あまりにも長くに渡って実力者の地位を占めたことから、国内外で「イタリア政界の硬直化の象徴」という見方をされることも多かった。また、自らの経験を基にした「権力は、それを持たないものを消耗させる」という発言がある。
「魔王」
1990年代初頭の冷戦崩壊後に、アメリカ合衆国やキリスト教会の支援の下に生きながらえていた世界各国の反共保守政権が、その存在意義を失い崩壊していく中で、自らの利権と反共保守体制を守るためにマフィアとテロリストの関係を続けていたアンドレオッティ(とキリスト教民主主義)もその実態を暴かれ没落することとなった。
その後数々の裁判で有罪判決を受けたものの、自らの影響力を巧みに使い、実刑判決を受けることなく終身上院議員として活動を続けていたことから、イタリアでは「魔王ジュリオ(Divo Giulio)」とも称されていた。
エピソード
- 1989年に公開されたイタリア系マフィアとイタリア政界、さらにバチカンとの癒着(とカルヴィ暗殺事件及びヨハネ・パウロ1世の「暗殺」)を扱った映画『ゴッドファーザーPARTIII』では、マフィアとバチカンと親密な関係がある政治家「ドン・ルケージ」のモデルとなった。

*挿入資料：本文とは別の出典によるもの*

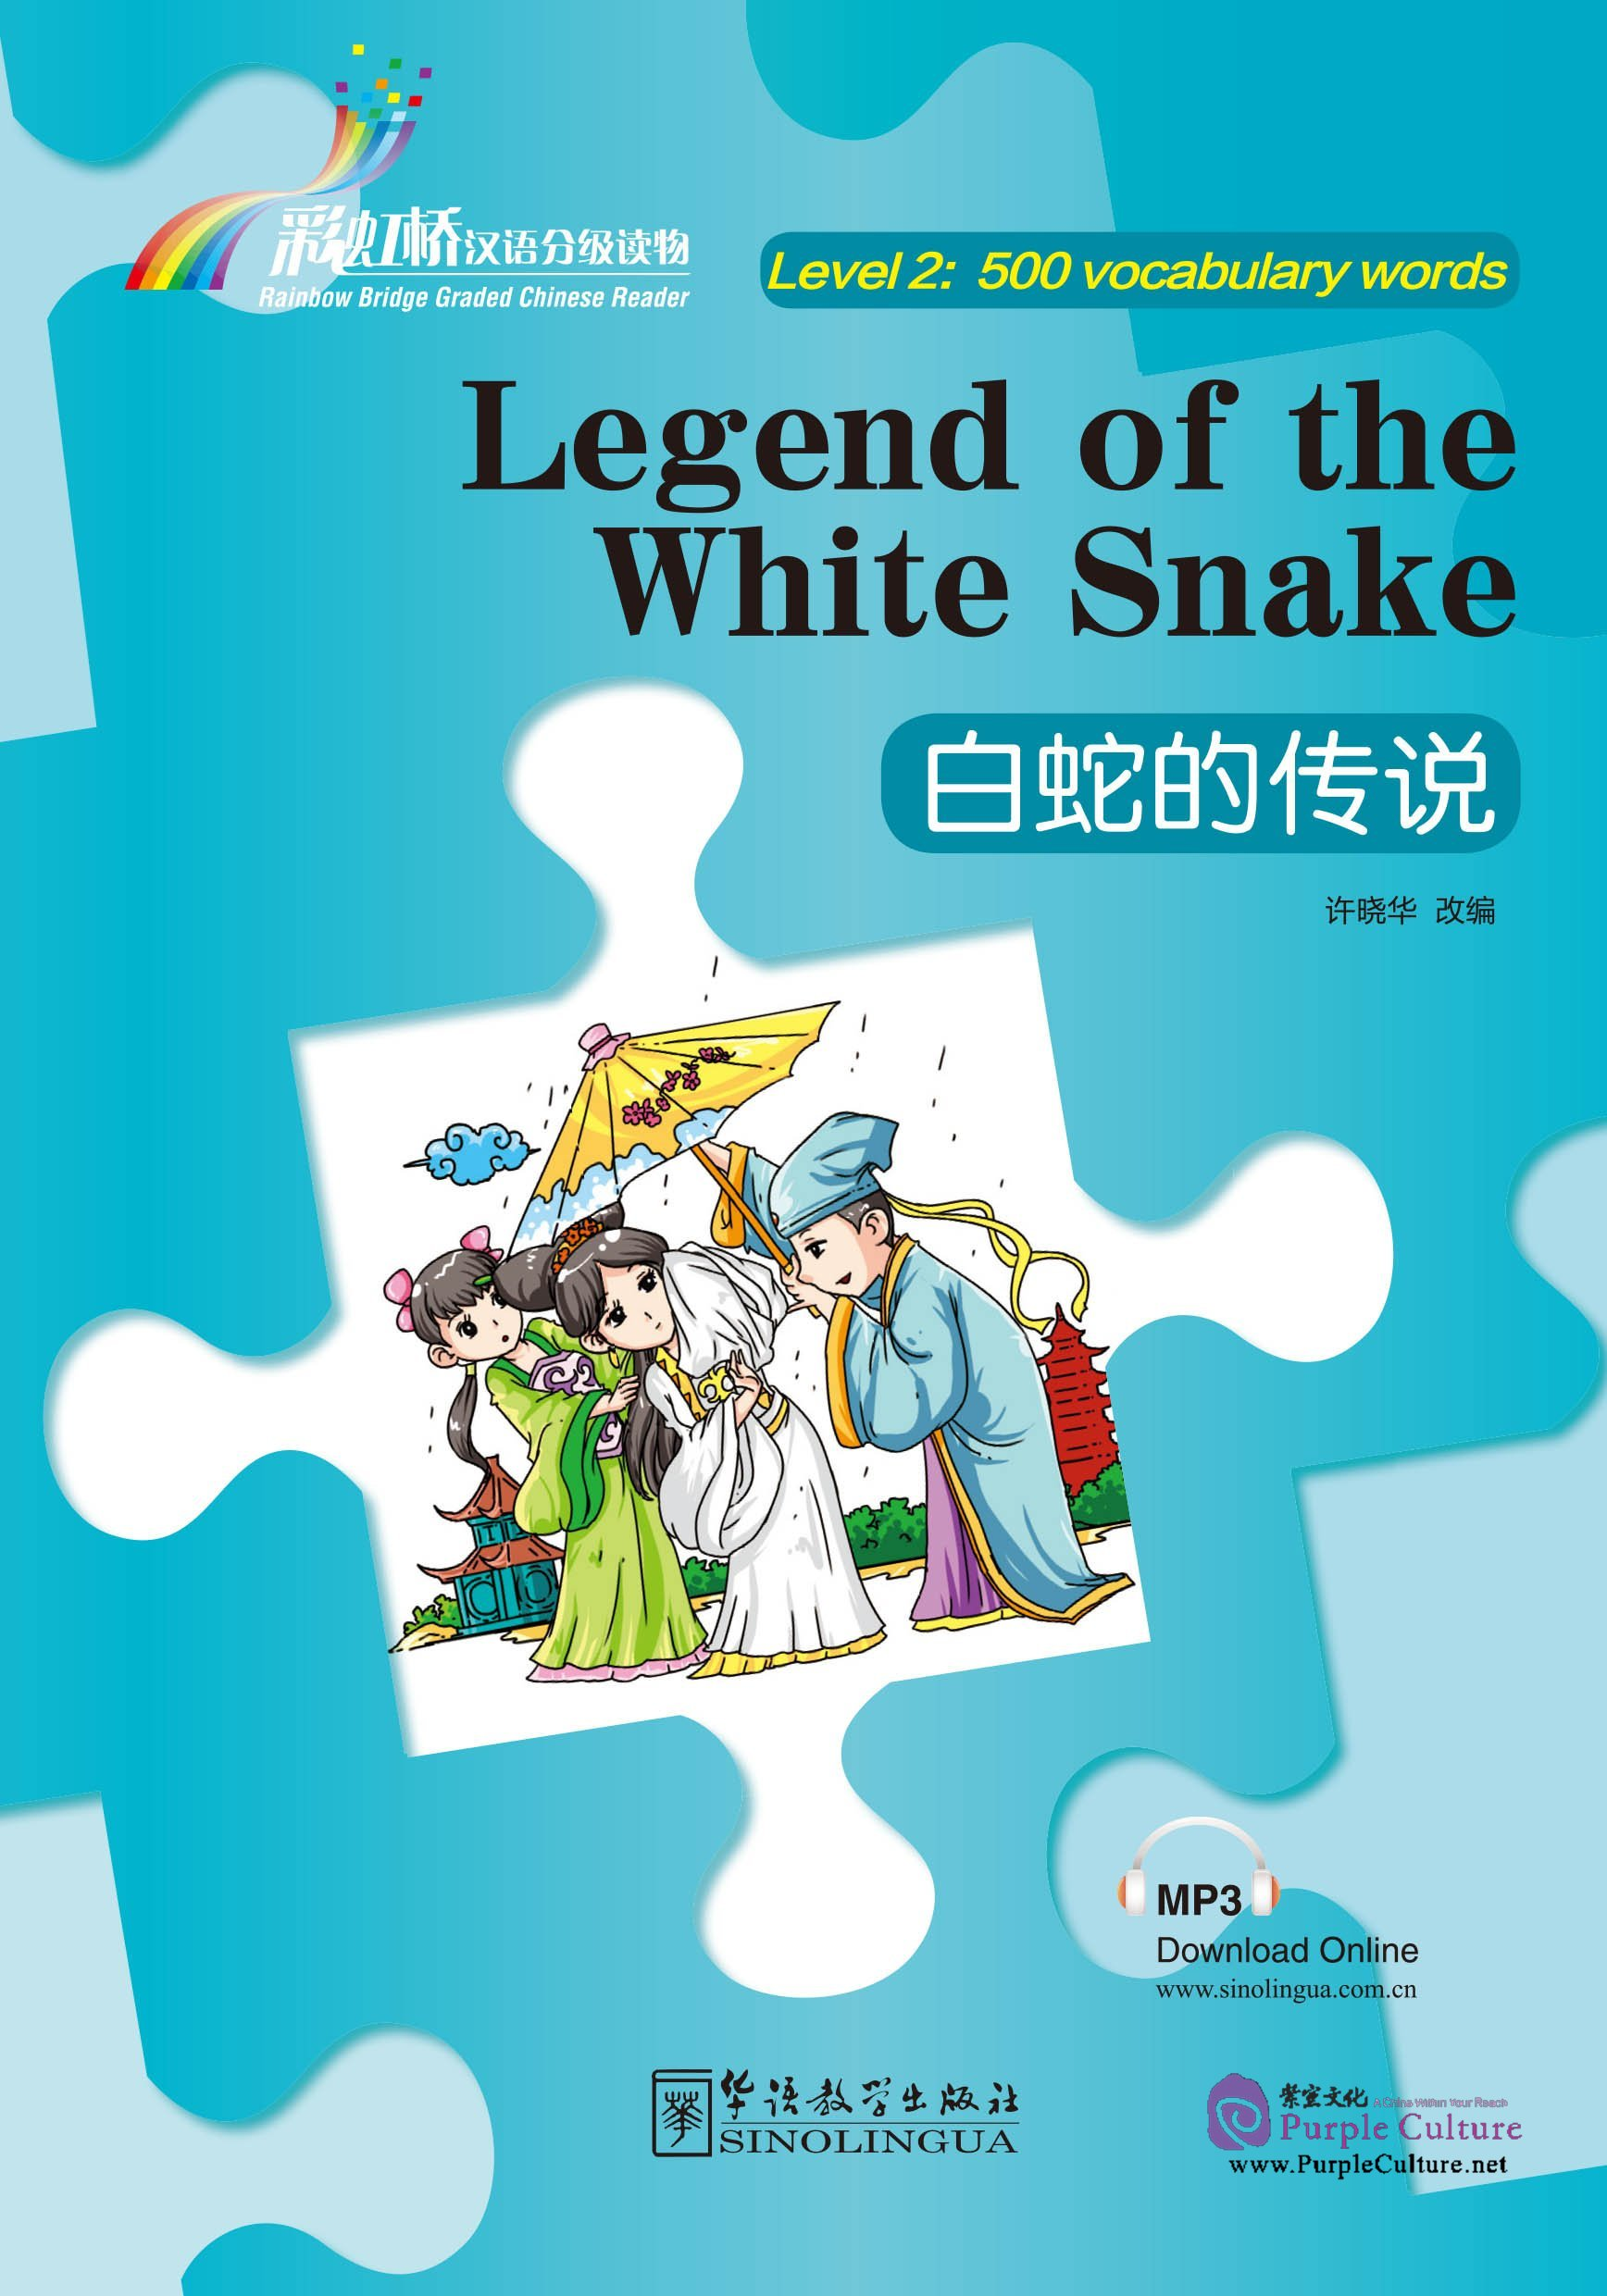 Rainbow Bridge Graded Chinese Reader Level 2 500 Vocabulary Words Legend Of The White Snake

- 毎日教会でのミサを欠かさず、修道士へ多額の寄付をしていた。4人の歴代ローマ教皇と親密な関係にあった。
- モーロ元首相は、「赤い旅団」に監禁されていた時に書かされた手紙で「アンドレオッティは悪事を行うために生まれてきた男」と批判した。
- 2008年にアンドレオッティの生涯をもとにした映画『イル・ディーヴォ 魔王と呼ばれた男(原題:Il Divo)』(パオロ・ソレンティーノ監督)が制作され、同年のカンヌ国際映画祭 審査員賞を獲得した。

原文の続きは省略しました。